What is required -> Each line of the data must reappear exactly in your answer, with no images included.

━━━ Dataset extract

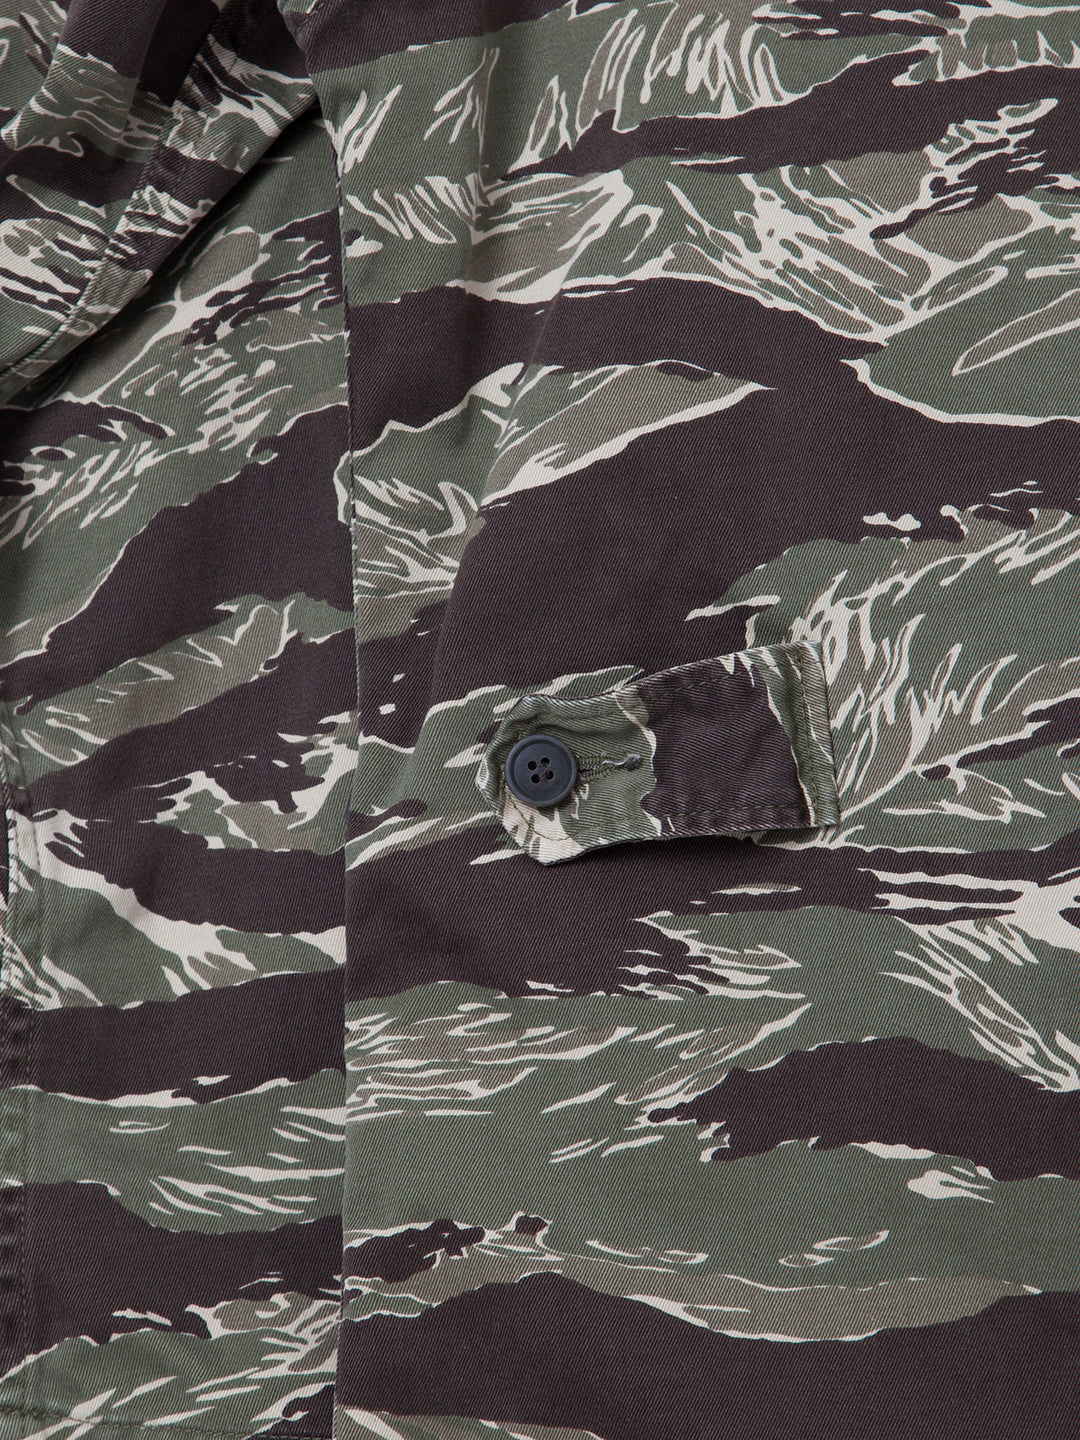 THE CORONA UTILITY - CJ025・B.D.U Jacket / Tiger Stripe・Combat Fatigue Pattern Twill w/Special Bio Wash
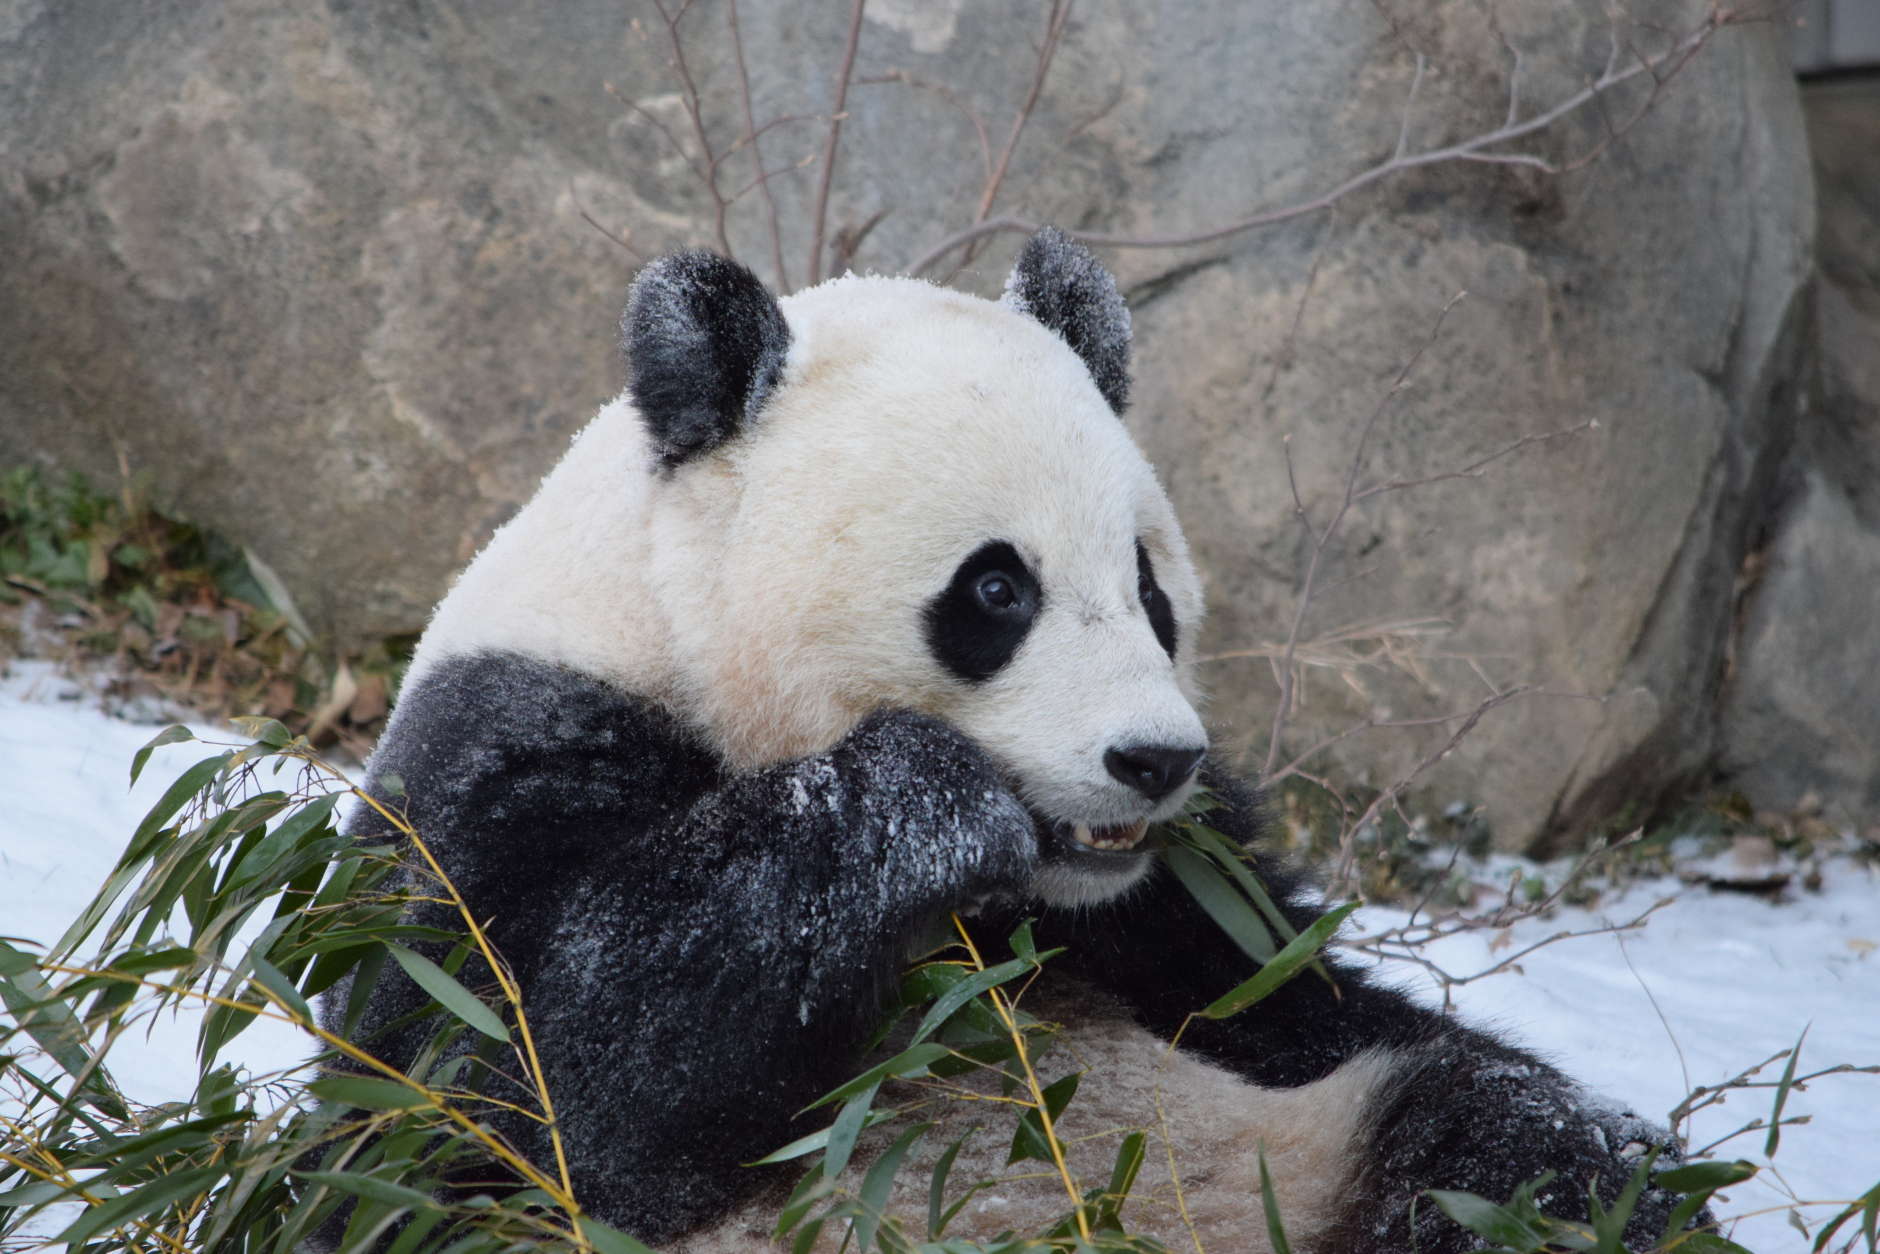 Giant panda Bao Bao in the snow Jan. 21, 2016. (Devin Murphy/Smithsonian's National Zoo)
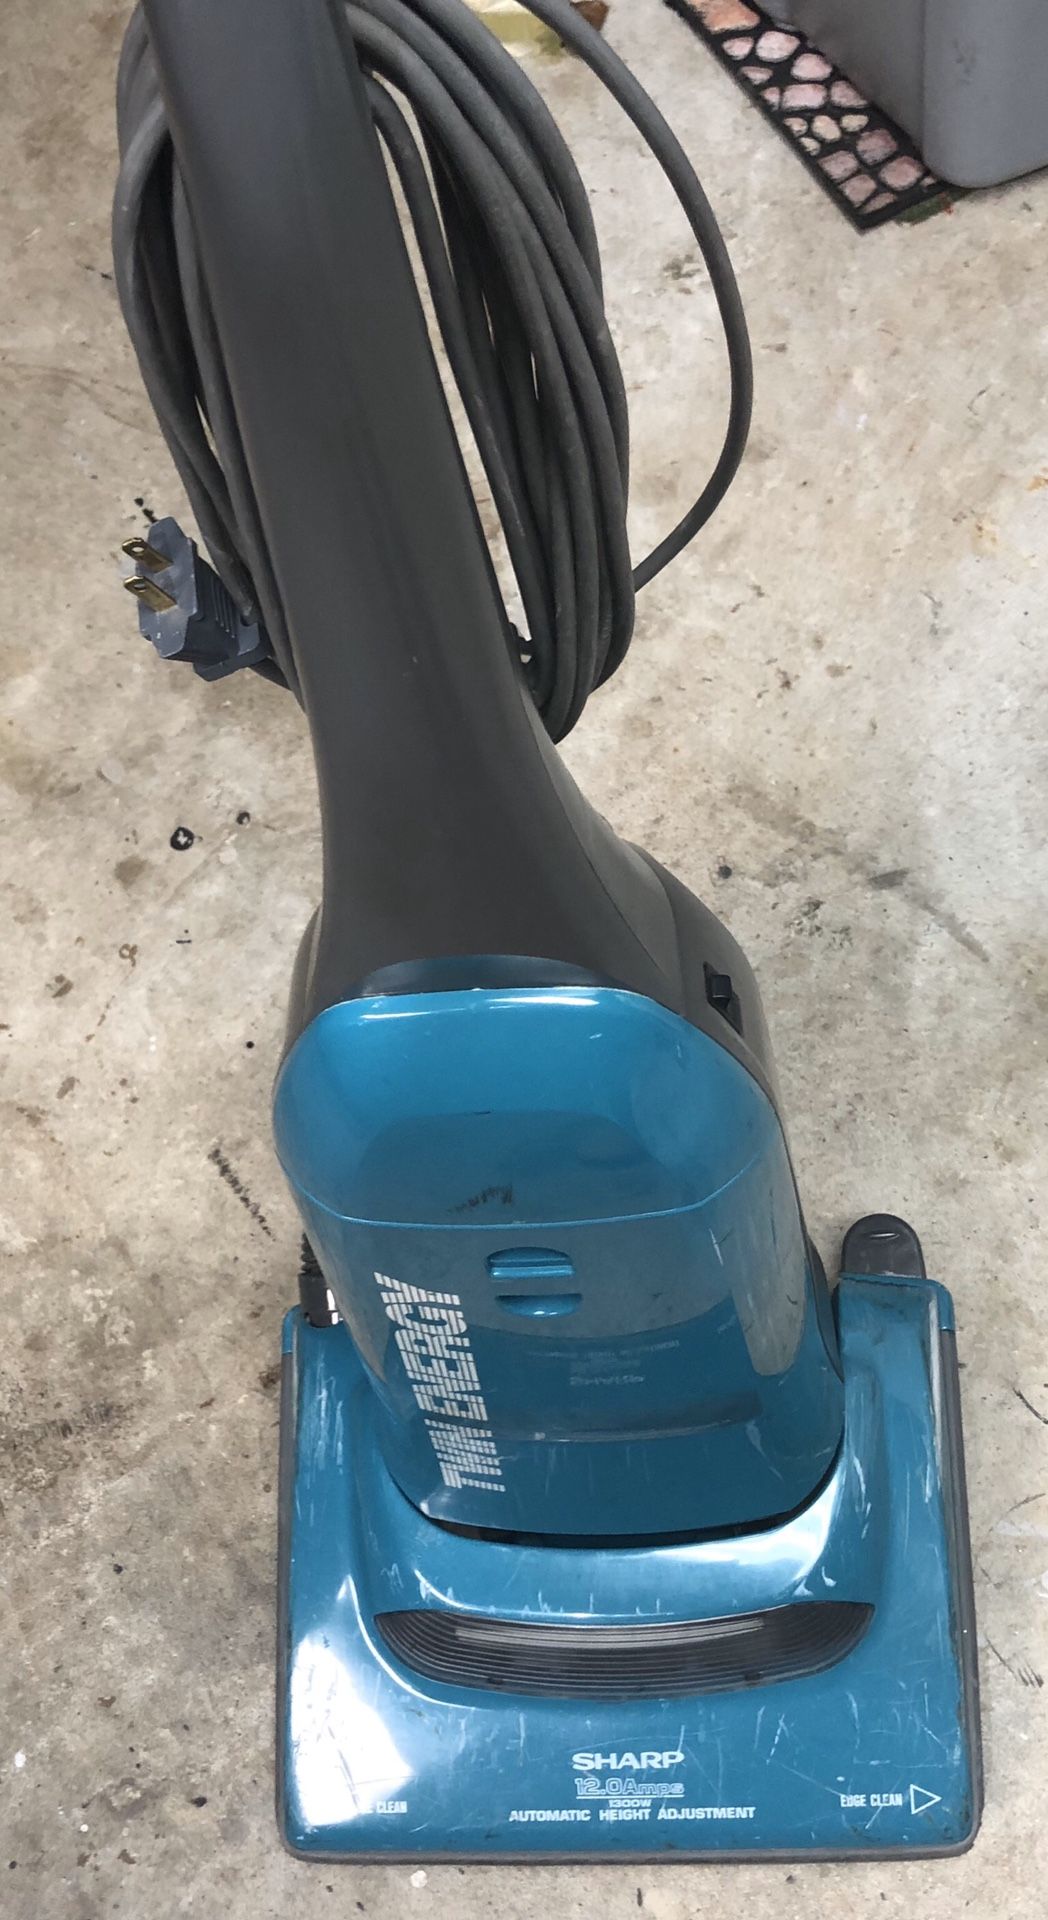 Sharp Brand Vacuum

━━━━━━

Exercise result ->
 THE CORONA UTILITY - CJ025・B.D.U Jacket / Tiger Stripe・Combat Fatigue Pattern Twill w/Special Bio Wash
 Giant panda Bao Bao in the snow Jan. 21, 2016. (Devin Murphy/Smithsonian's National Zoo)
 Sharp Brand Vacuum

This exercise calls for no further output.